Do Asians Need Their Sharpton?

A friend of mine forward a bunch of articles related to a series of incidents stemming from racial tension at a public high school in South Philadelphia where Asian students, many of whom are recent immigrants, were beaten by groups of black students. He had asked me to consider posting it as a future blog topic, and I understand why this caught his attention.

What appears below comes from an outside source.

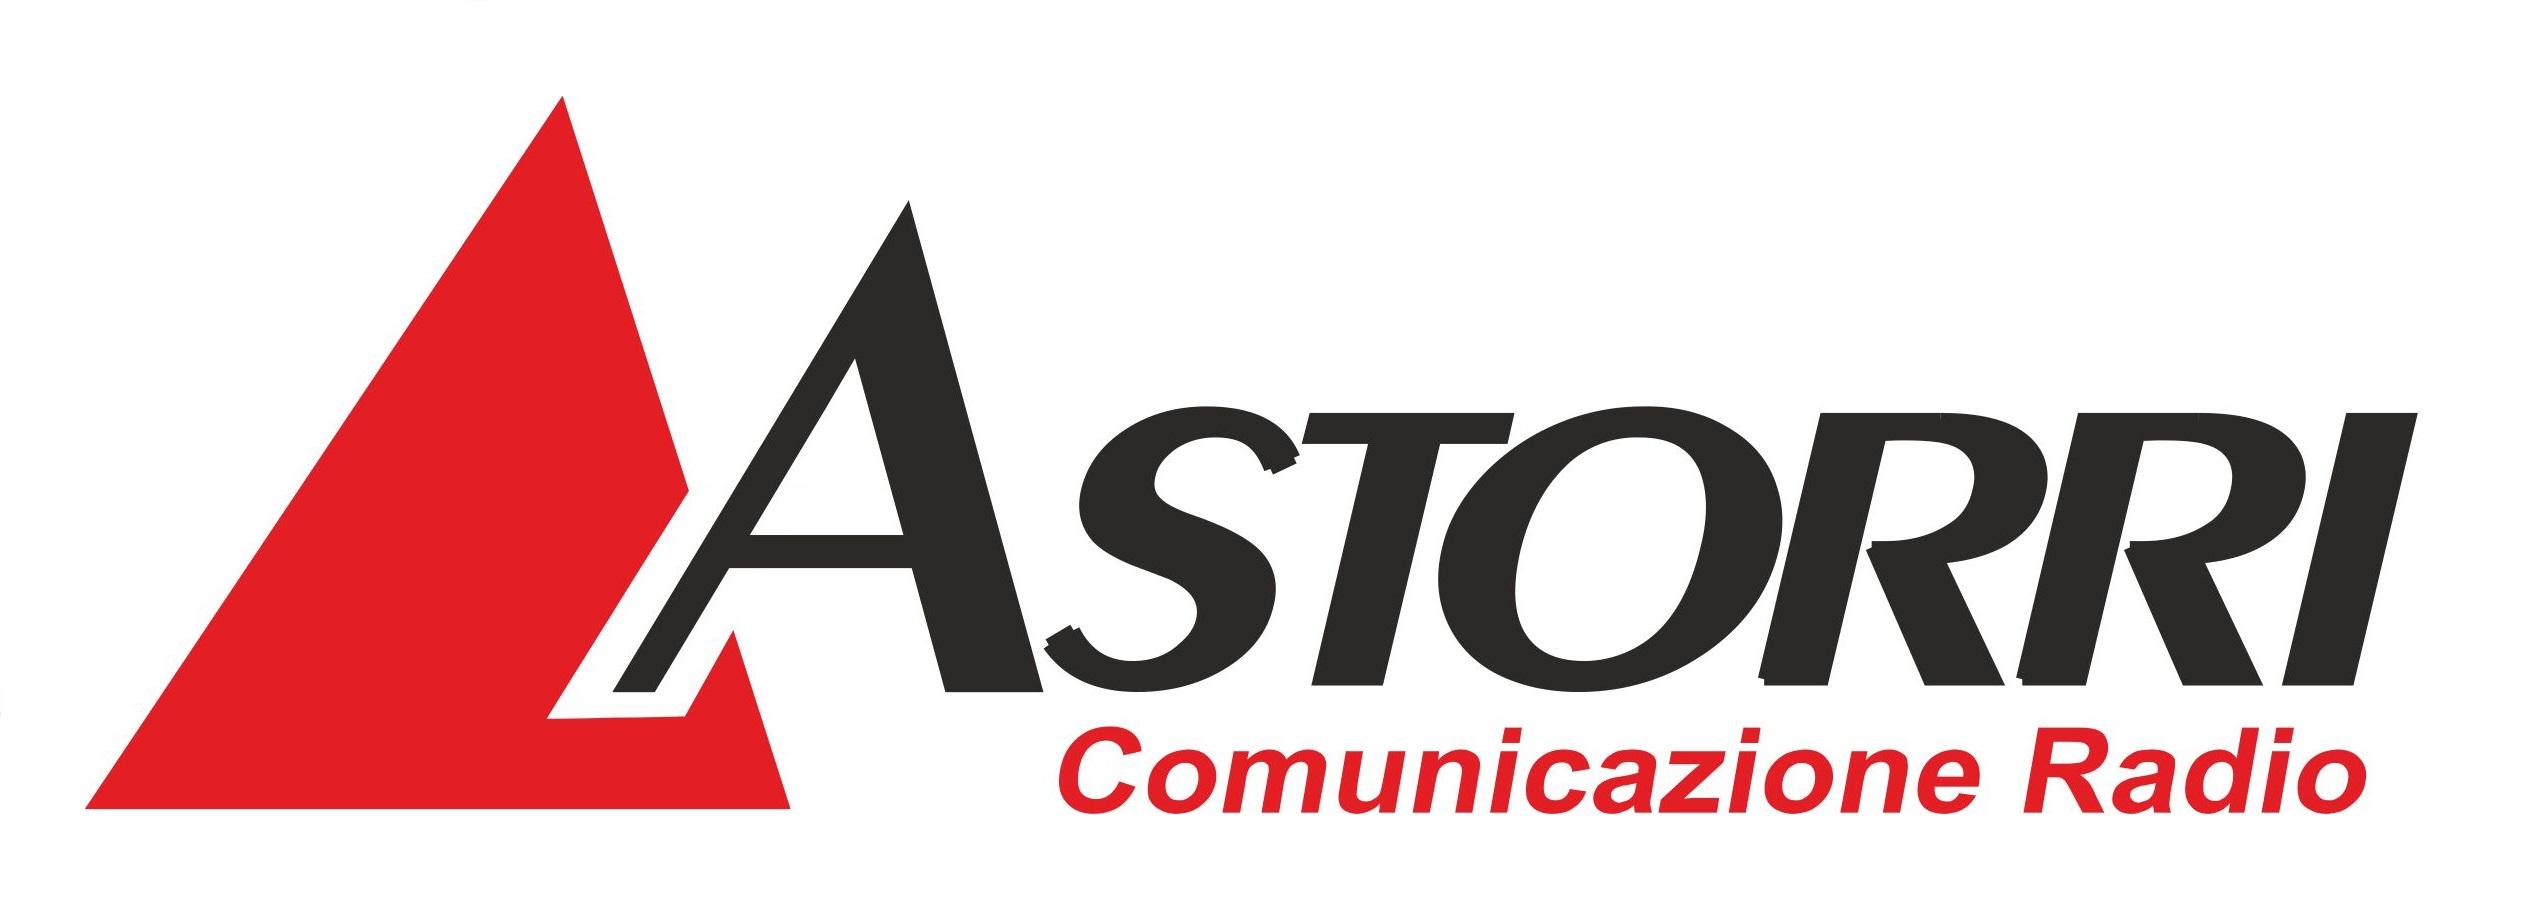 ASTORRI * Il Punto sulla Radio

The accounts are disturbing to say the least, with reports emerging of Asian students feeling unsafe due to security guards turning a blind eye and a principal who apparently has ducked the press, refusing to comment or explain why she inexplicably ended practices that seemed to be ameliorating tensions, including keeping non-English-speaking students of a separate floor away from native English speakers of all races. A number of Asian community members have rallied to support these students and have stepped up to build bridges between the community and the school district to find solution, and even Asian advocacy board member and school district parent who astutely stated at one meeting, "a lot of these attacks felt by the students are racially motivated. What's wrong is to deny it" or hope it goes away. Their efforts should be applauded, but the question arises - do Asians need their Sharpton?

This questions always comes to my mind whenever a crime against an Asian is murdered in cold blood, but somehow race is inexplicably ignored as a factor. Take for example last year's killing of Columbia graduate student Minghui Yu, who was chased into traffic in killed by a teen after the killer boasted to a friend, "Look what I do to this one." Earlier this year, a couple of black men killed media account executive David Kao while hunting for "Chinese men who appeared to be drunk". In both of these cases, the district attorney declined to try either of these as hate crimes. Are you kidding me?

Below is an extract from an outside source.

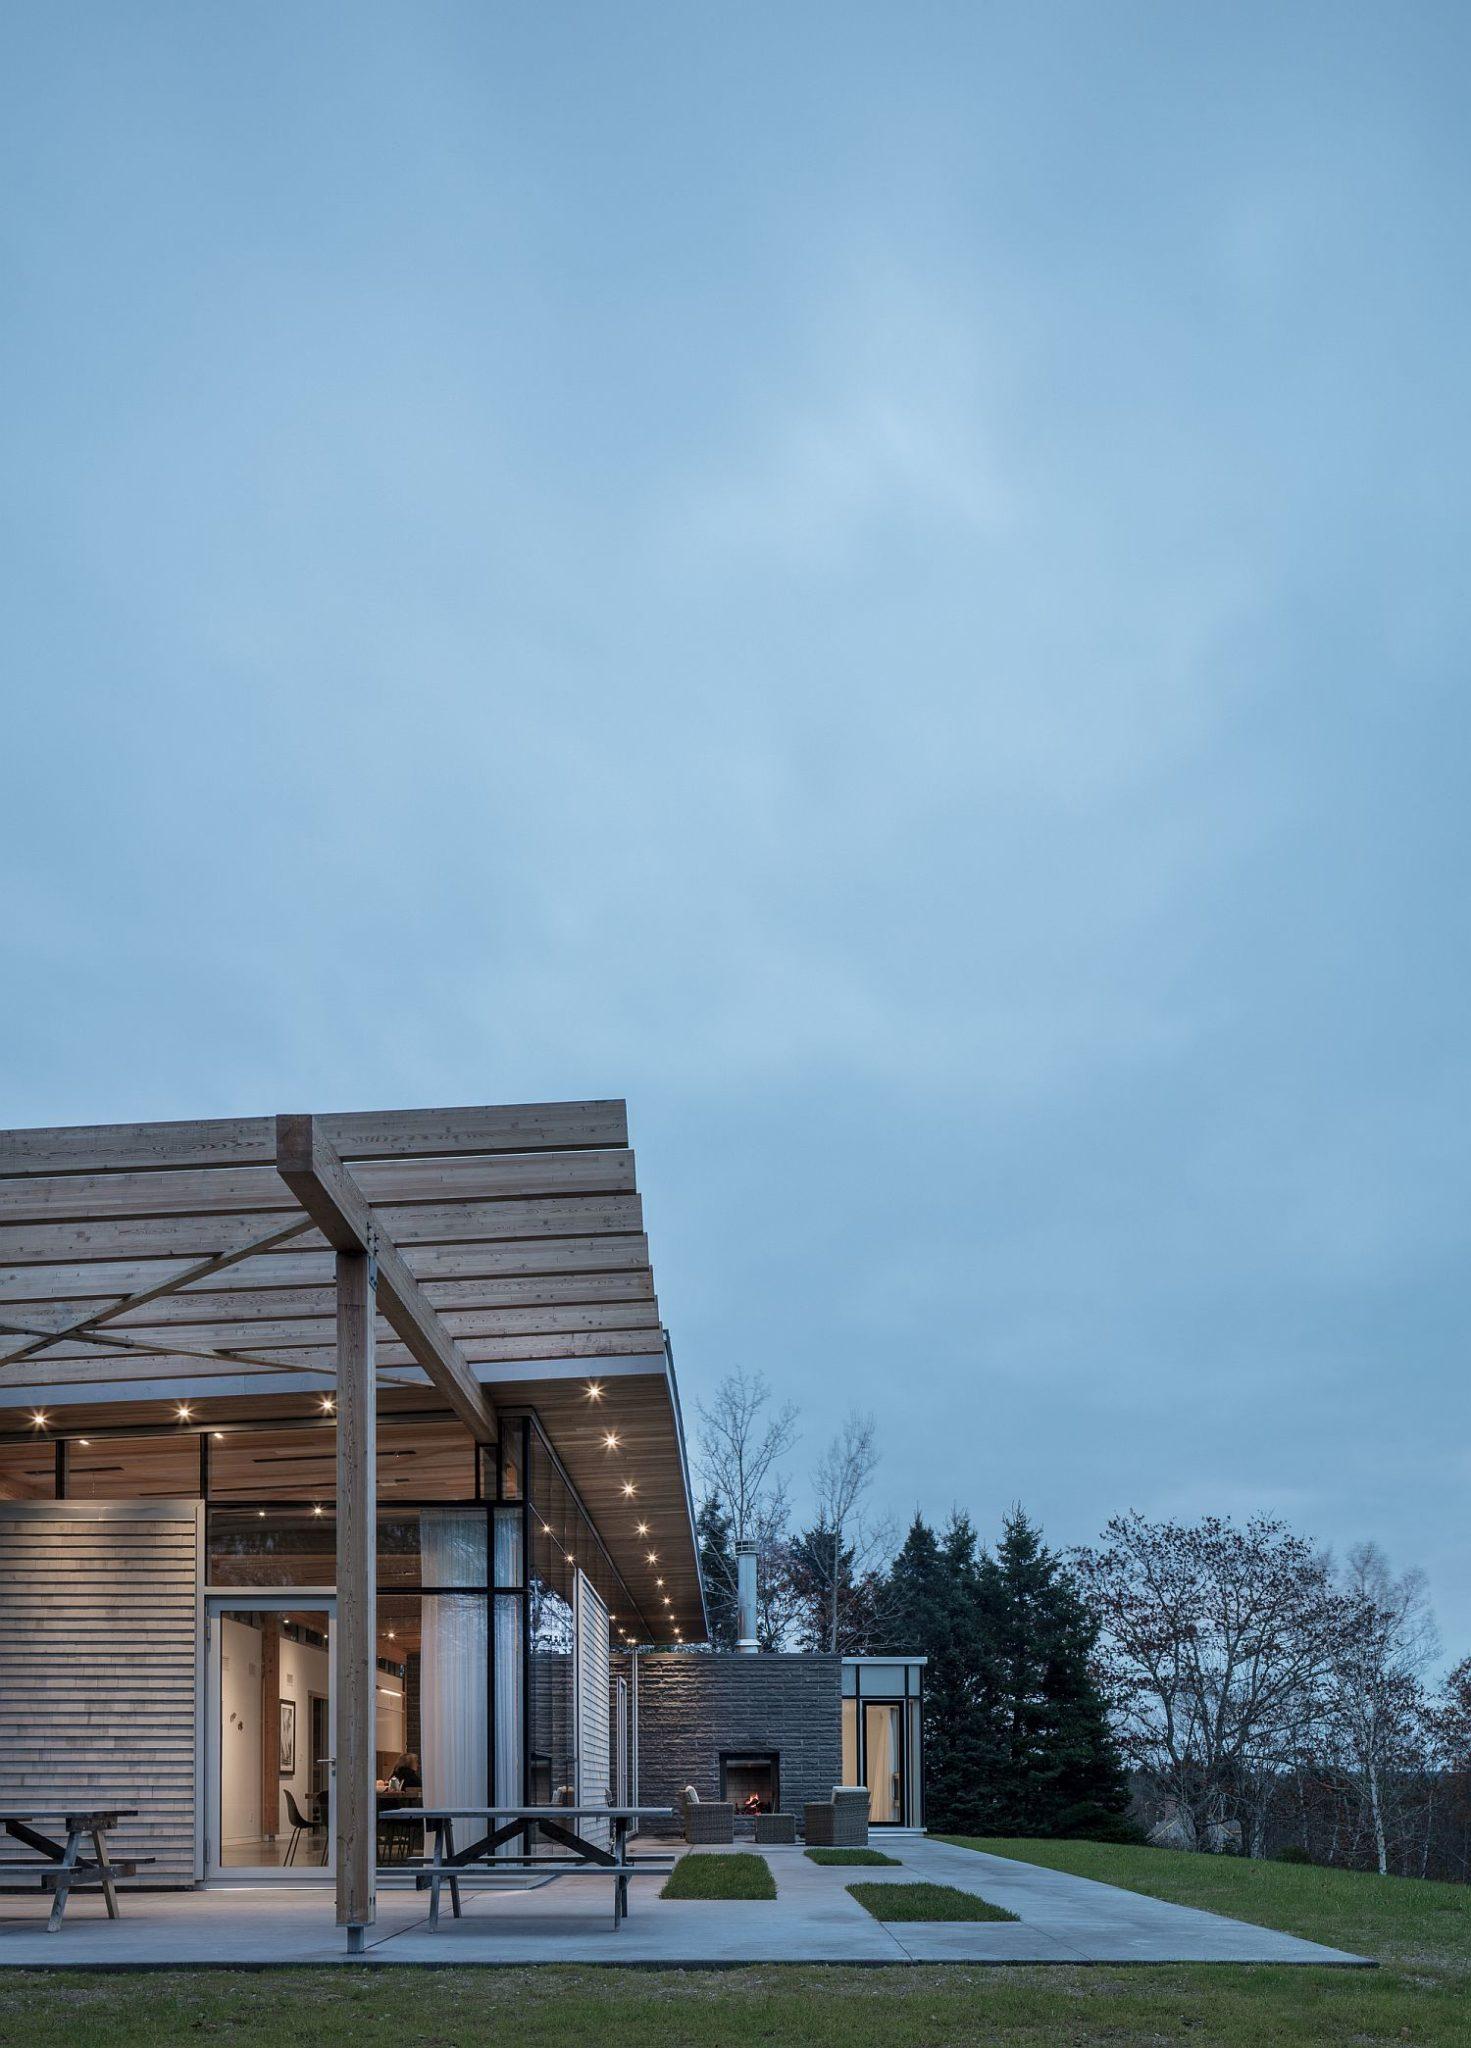 Beautiful recessed lights provide illumination around the house

The argument for an Asian Al Sharpton is that an "Asian Al" would never let that happen without major public and political repercussions. We'd see organized boycotts, demonstrations and just about every political threat being made public. The counter argument for an "Asian Al" is that for all of it's feel-good bluster, how effective is it, really? Does subtle and downplayed diplomacy at the community and local level, in truth, get more results and build more lasting progress than the polarizing firebrand? Do Asians need both? Is there a viable strategy of "good cop, bad cop" where we have our radical national firebrand balanced by more collaborative local advocates doing grassroots work?

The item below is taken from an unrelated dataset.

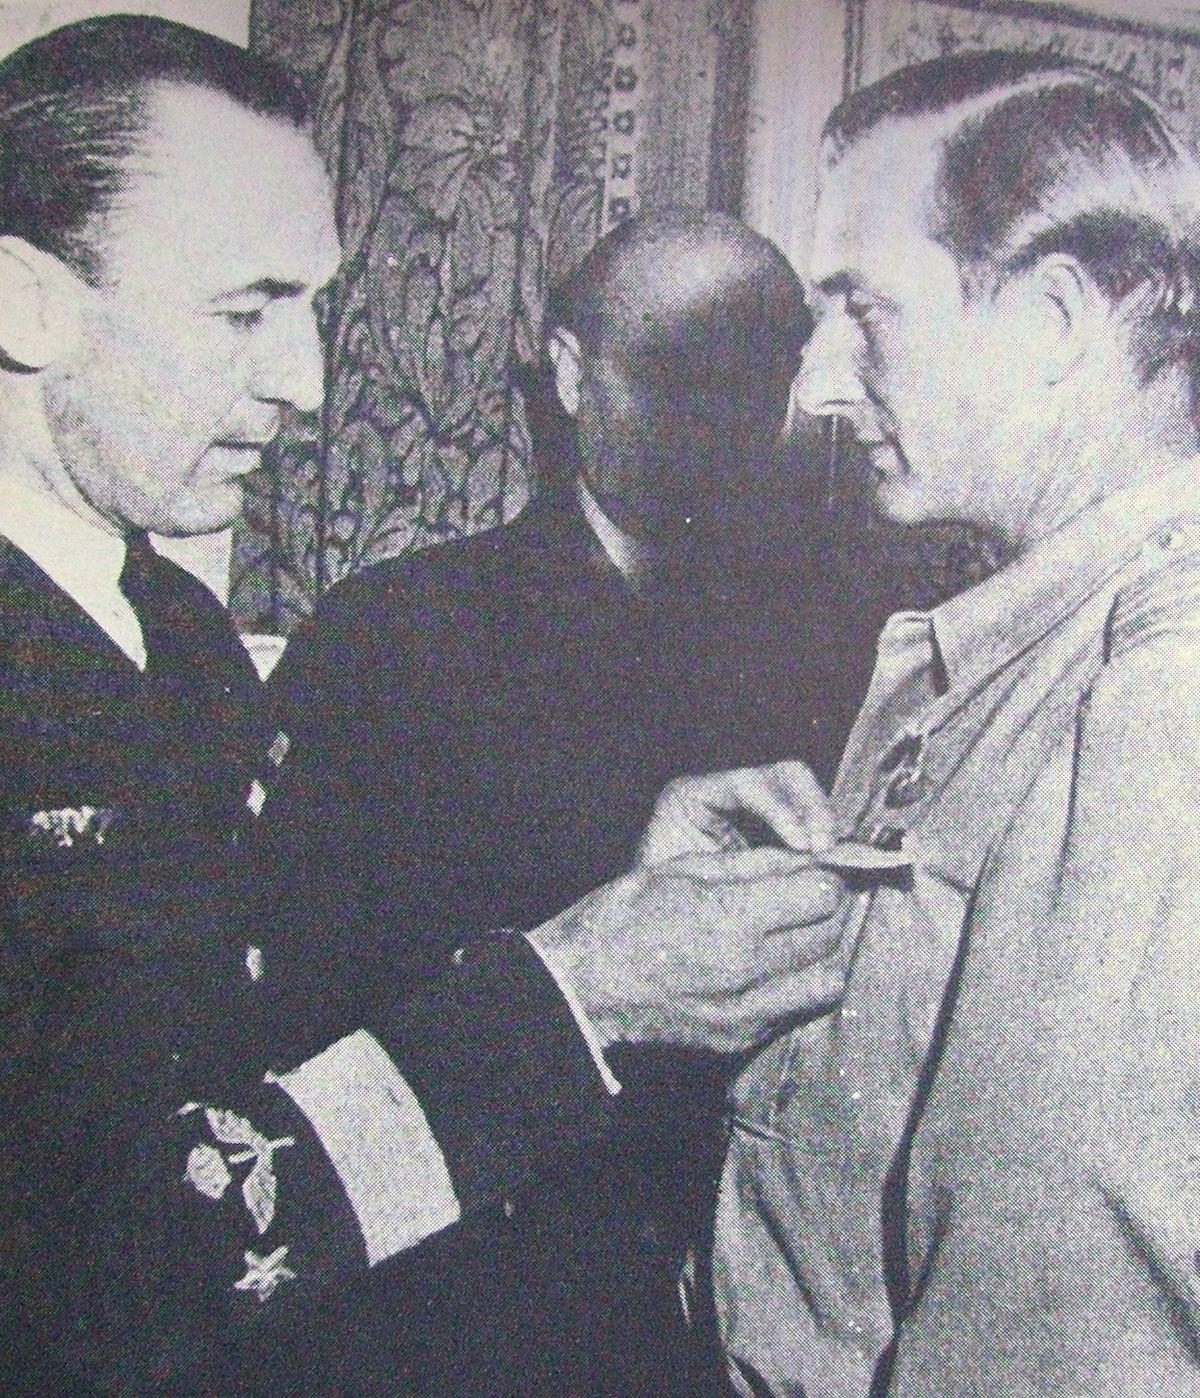 Bengt Nordenskiöld o Carl Gustaf von Rosen.JPG

Having been involved in the Asian diversity movement, I've heard many theories why the emergence of the "Asian Al" hasn't happened yet. They range from "the Asian population is too racially, socioeconomically and politically scattered to be pigeon-holed into a single person's (or group of people's) representation" to a more cynical (but I think somewhat accurate) "large pockets of Asian-Americans are quite successful and doing just fine, thank you - why would they want to rock the boat?" Or put another way, change is happening slowly, but surely; respect isn't earned by demonstrations or grandstanding, but by an increasing upwardly-mobile and wealthy (and thus influential) demographic.

Maybe the latter is true (I'm not so sure it is), but stories like the ones above still make me seethe.

2 comments:

LH said...

Mike, this is a very thought-provoking post. Well done!

Unknown said...

The kind of activism that Al Sharpton and Jesse Jackson are borne out of centuries of oppression. I suspect Asians won't ever have someone like that in my lifetime because
(a) Asians haven't been subjected as a race to the kind of horror that African-Americans have, because we've been the clothiers/doctors/engineers/railroad workers/tchotchke makers/taxi-drivers that America has lacked and we've provided at low cost,
(b) Western-European Americans have felt less threatened by us than by African-Americans, who've only in this generation been able to pull out of the abysmal poverty and lack of development as a result of their racial subjugation in past centuries (and there's a whole guilt thing there about slavery that we could talk for hours about), and
(c) Asians are just plain afraid to yell and scream (and this may sadly be the most important one of all).

This will undoubtably change as future generations come along - there are a lot more young Asians in the media space than there were 10 years ago, as just one example - and as future generations of Asian Americans become more assimilated, the response to racial attacks will be more vocal.

But who knows who we'll be oppressing 50 years from now...(you know we will).